DIRECTIONS: Return the line that has "Buy Levi's Beige" and all lines below it through the last, exactly as they stand; omit pictures.

GIVEN MATERIAL:
---------------

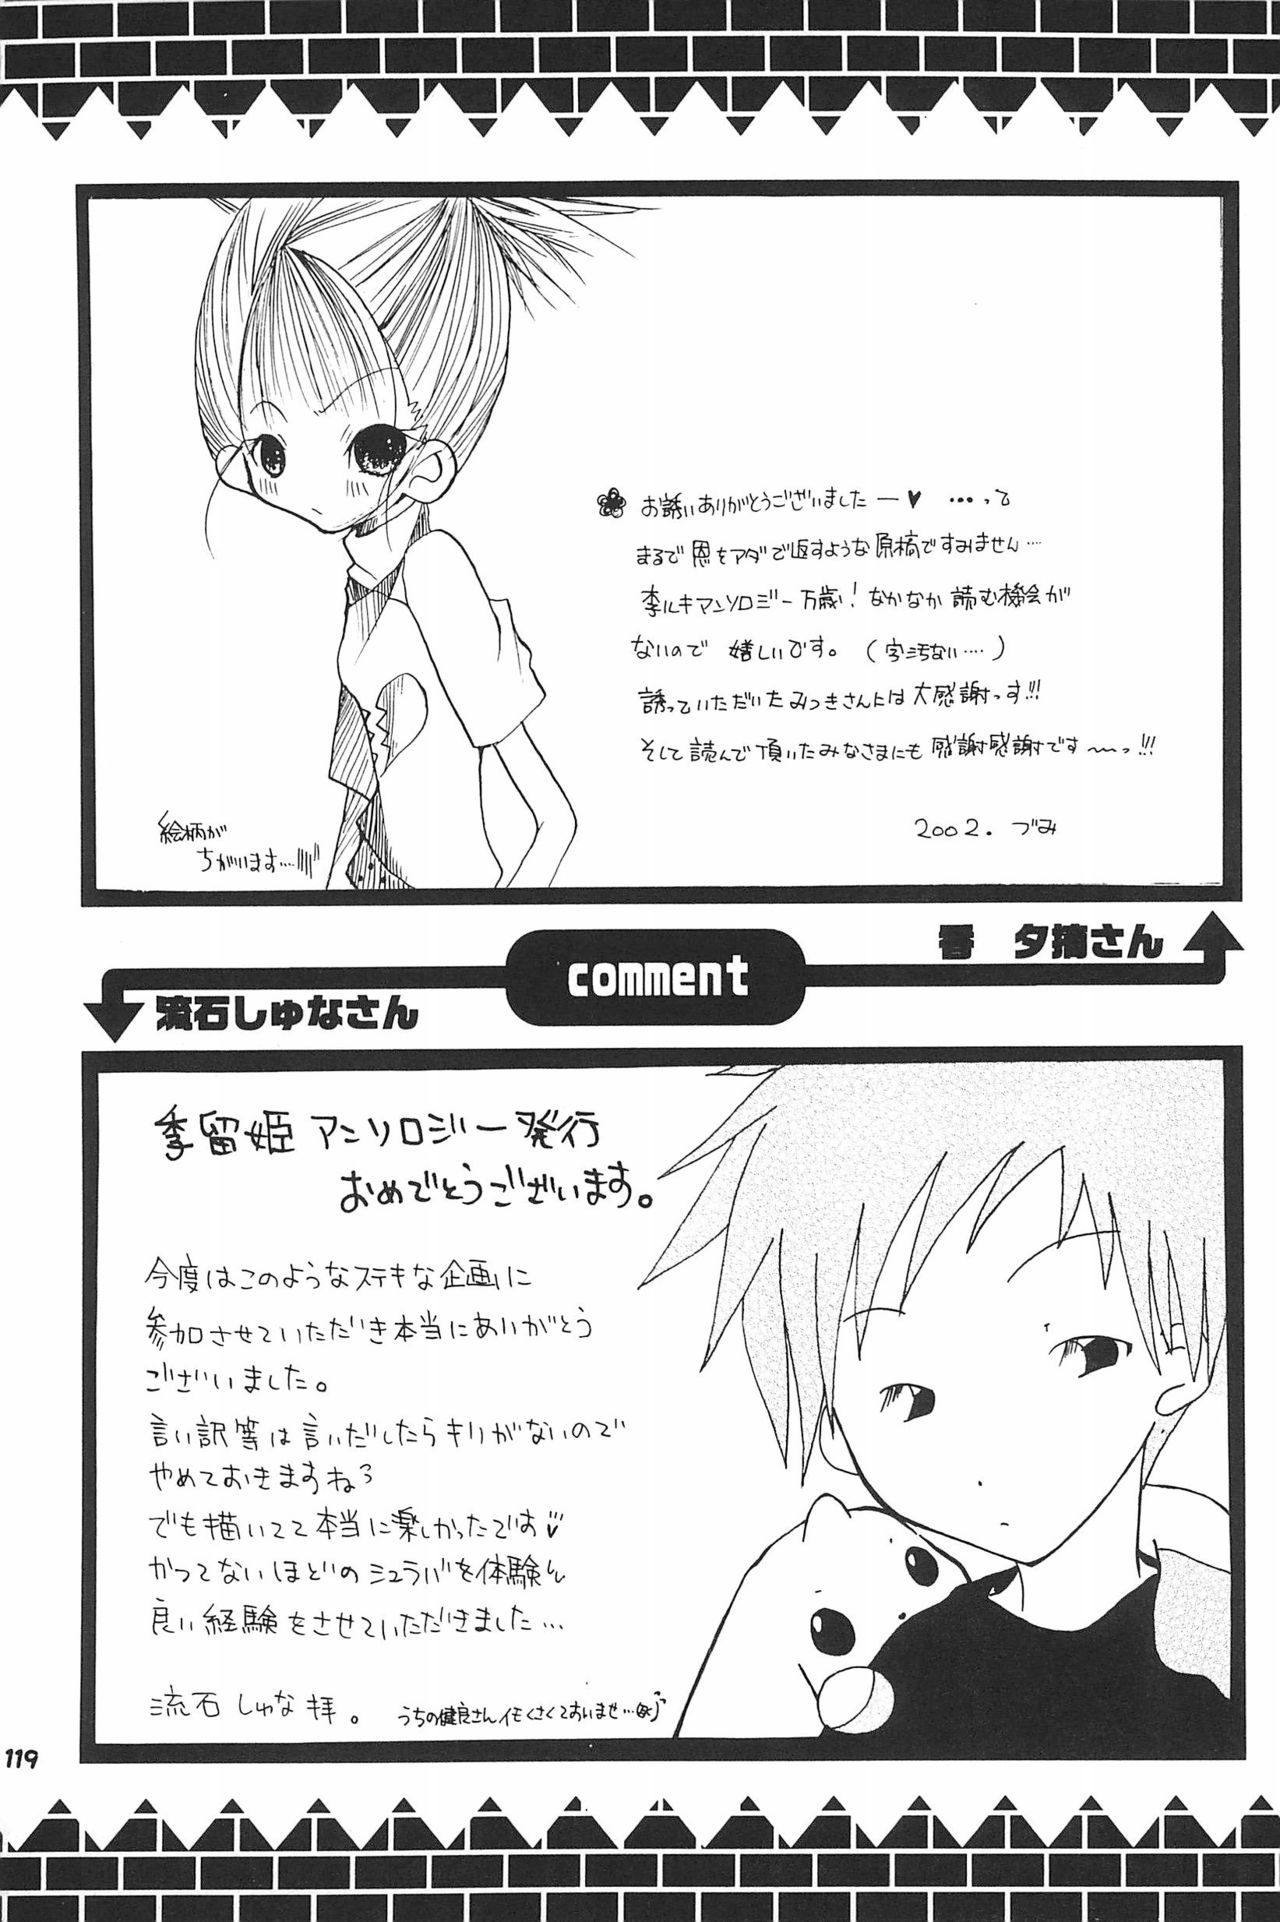 (SC15) [LeeRuki Anthology Jikkou Iinkai (Various)] LeeRuki Anthology J&R REPORT (Digimon Tamers) 120
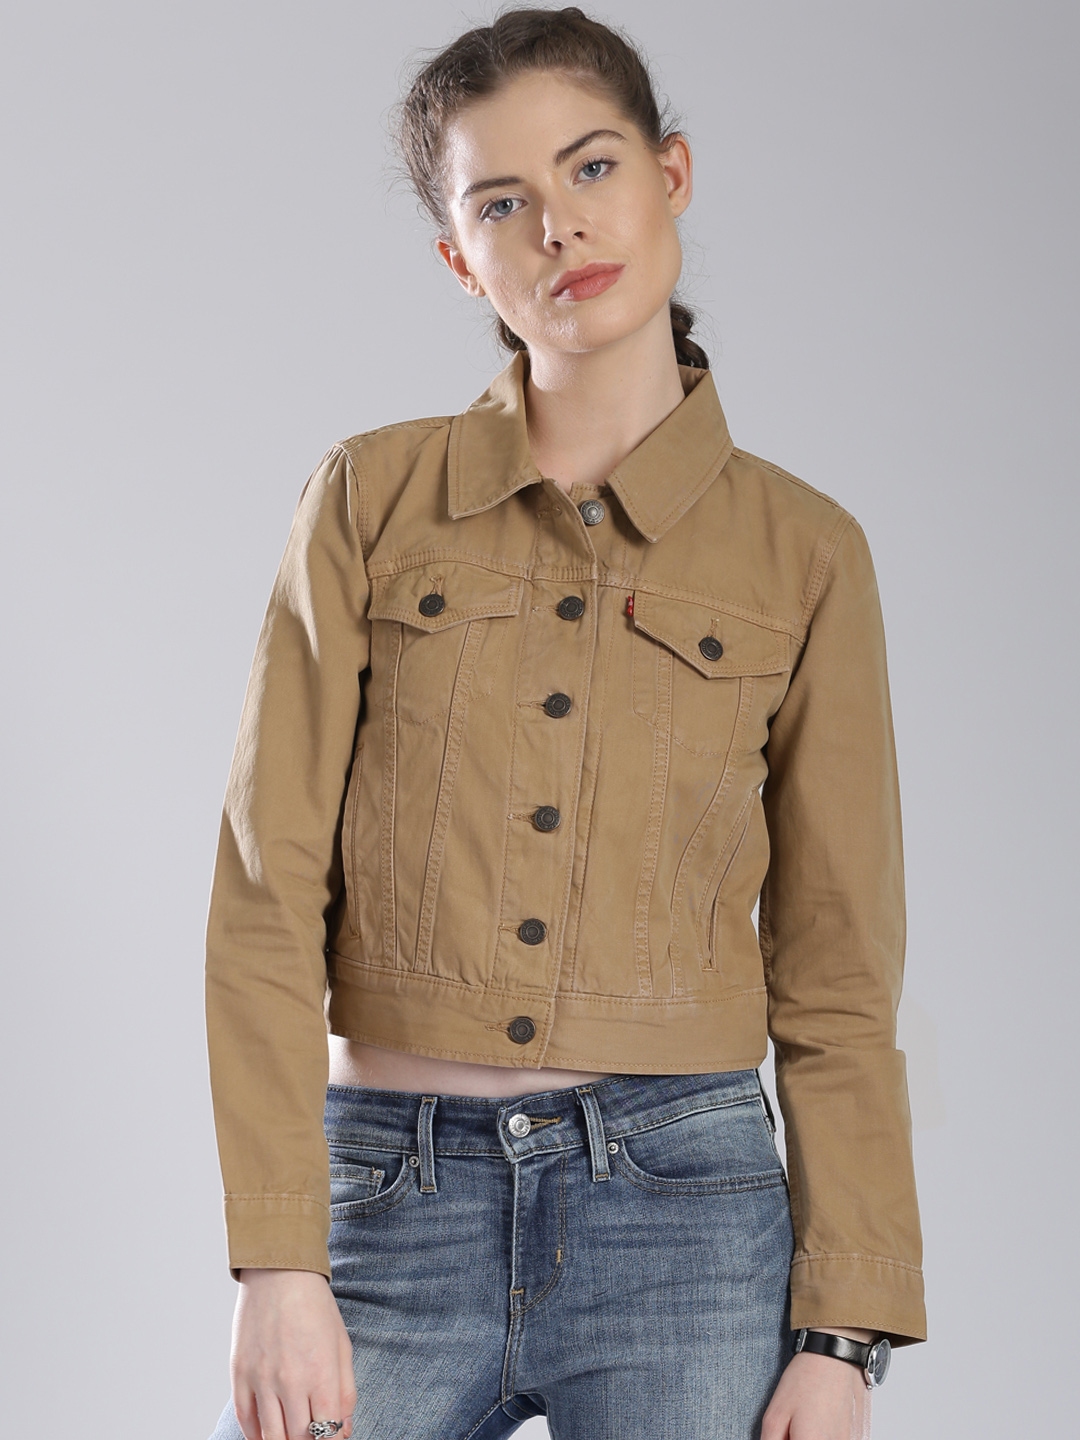 Buy Levi's Beige Denim Jacket - Jackets for Women 1492743 | Myntra
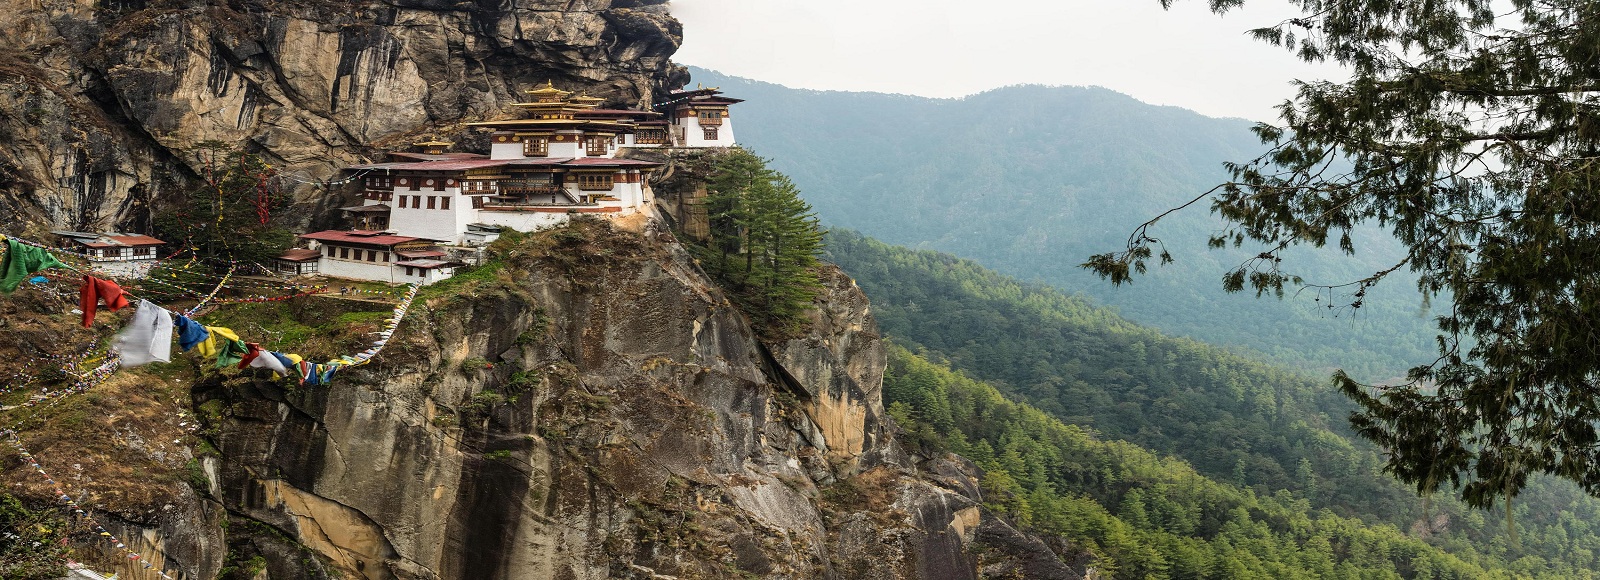 Ofertas de Traslados en Bután. Traslados económicos en Bután

---------------

FINISHED EXERCISE:
 Buy Levi's Beige Denim Jacket - Jackets for Women 1492743 | Myntra
 Ofertas de Traslados en Bután. Traslados económicos en Bután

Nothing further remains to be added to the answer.